Click here for sample verses from the version by Vivian Maria Hartley
Title: The Psalter According to the Seventy / that is, the Septuagint / Ecclesiastical Text /
Translated by Vivian Maria Hartley, M.A. /
With contributions from the Priest Lambros Kamperidis, John Hadjinicolaou the Monk Pierre (Vachon) and others.
Date: 2000 / 2009 / 2012, third edition (with corrections).
Publisher: Ottawa, Ontario (Canada): The Archdiocese of Canada / Orthodox Church in America
Contents: The Psalter, ch. 1 to 151. The Biblical Canticles • Concluding Prayers. –
Introduction • The Manner of Reading Sessions • Prayers before beginning to read the Psalter.
Images: Cover, Title page
Location: Collection Bibelarchiv–Birnbaum. Karlsruhe/ Baden. Germany
Comments: Ring–book octavo, XXVIII & 552 pp. Scripture text in single column, set verse–wise, counted by every five. Psalm–superscriptions translated; introductory verses in Greek, Latin, and English. Explanatory notes, cross references and alternate readings in copious footnotes.
The introduction serves as an encyclopedia to the Psalter in the LXX version; we read:
»This new translation, in its third edition, with corrections, is primarily a pastoral one. It has not made direct reference to Hebrew or Syriac texts of the same textual tradition. This is for others. For this pastoral reason we follow particularly the Greek text of the Ecclesiastical Psalter.

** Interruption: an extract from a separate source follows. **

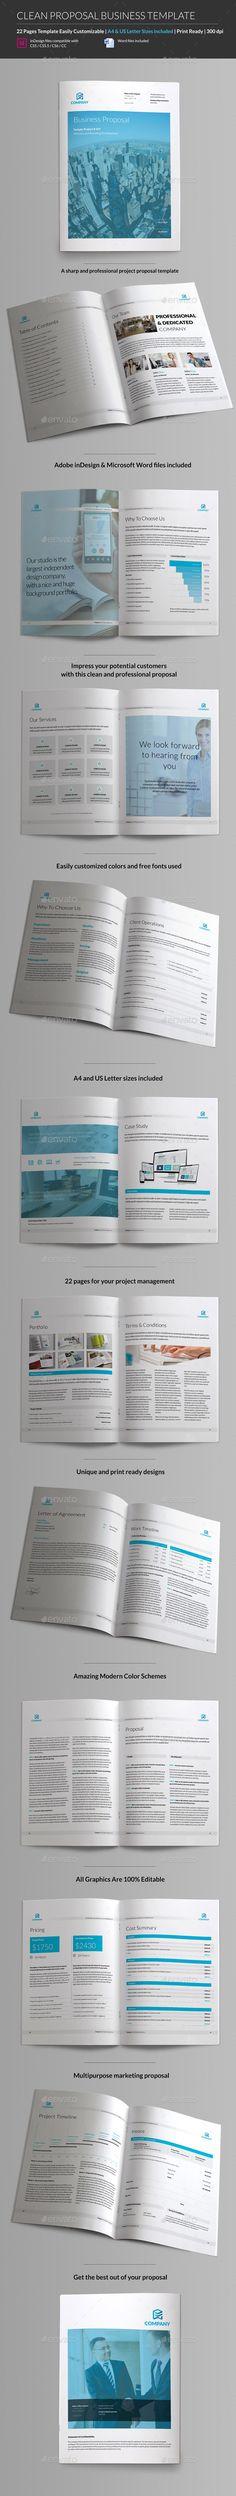 Business Proposal Template - A4 Portrait Business proposal - proposal templates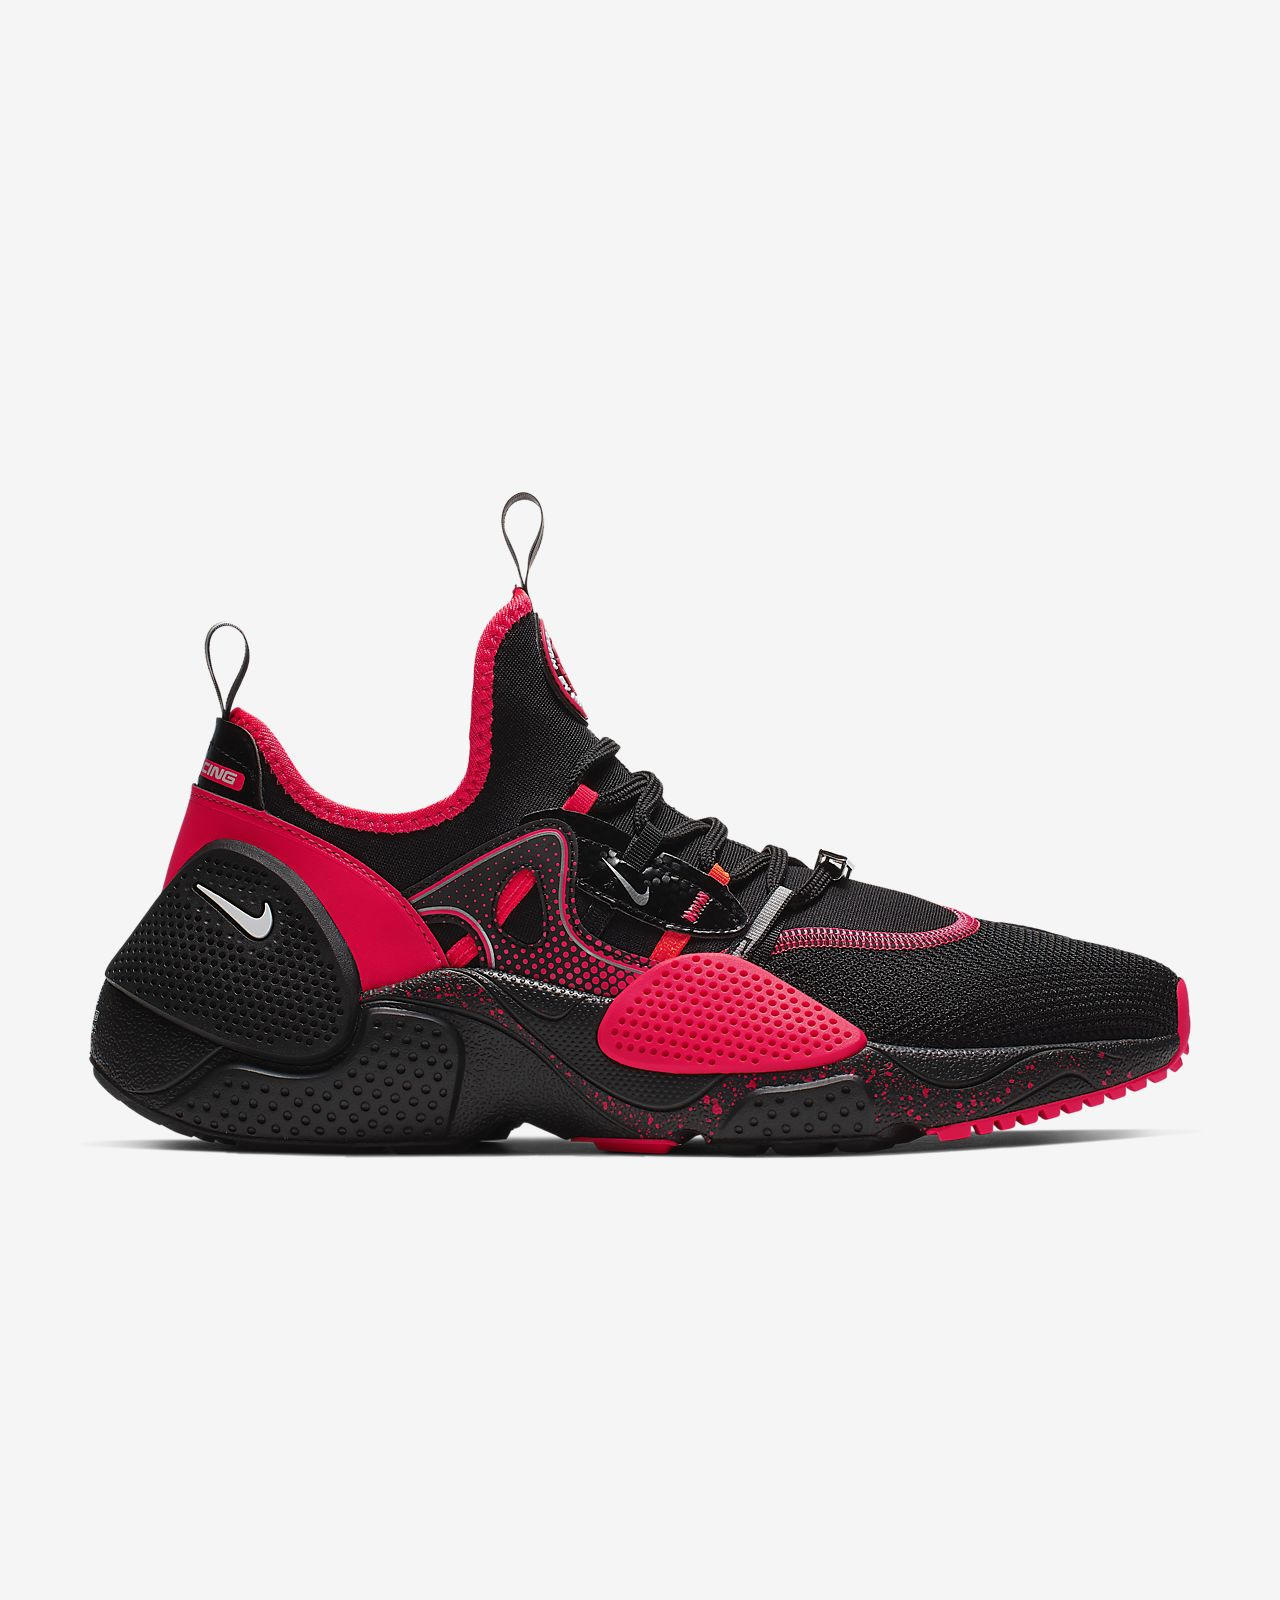 half off 923b5 a41eb Low Resolution Nike Huarache E.D.G.E. Men s Shoe Nike Huarache E.D.G.E.  Men s Shoe

One cannot emphasize too strongly that this Septuagint Psalter, although not well–known in the twentieth/ twenty-first century west, represents a legitimate textual tradition of the Holy Scriptures from ancient times, as seen in the “Dead Sea Scrolls“. «
Nine pages of general Introduction are followed by an essay about “Saint Gregory of Nyssa, and the Psalter“ (11 pp), continued by “Words about reading the Psalter“; the liturgical compass includes „“The Manner of Reading the Seasons“, the arrangement of the Psalter into Kathismata (Sessions), “Notes on Scripture Names“ and “Prayers Before Beginning to Read the Psalter“.
After every eighth Psalm (Kathisma) “Trisagion Prayers“ (Trice Holy– Prayer) are added. Nine canticles follow the 151st Psalm:
2 Mōysēs 15:1–9 & 5 Mōysēs 32:1–43 (of Moses); 1 Kingdoms 2:1–10 (Anna); Abbakoum 3:2–19 (Habakuk); Ēsaias 26:9-20 (Isaiah); Jōnas 2:3–10 (Jona); Daniēl 3:26–56 & 57–88 (Three holy children); Luke 1:46–55 (Theotokos) & 68–79 (Zacharias). Following the “End of the Biblical Odes“, nearly 90 pp of prayer- liturgy conclude this book.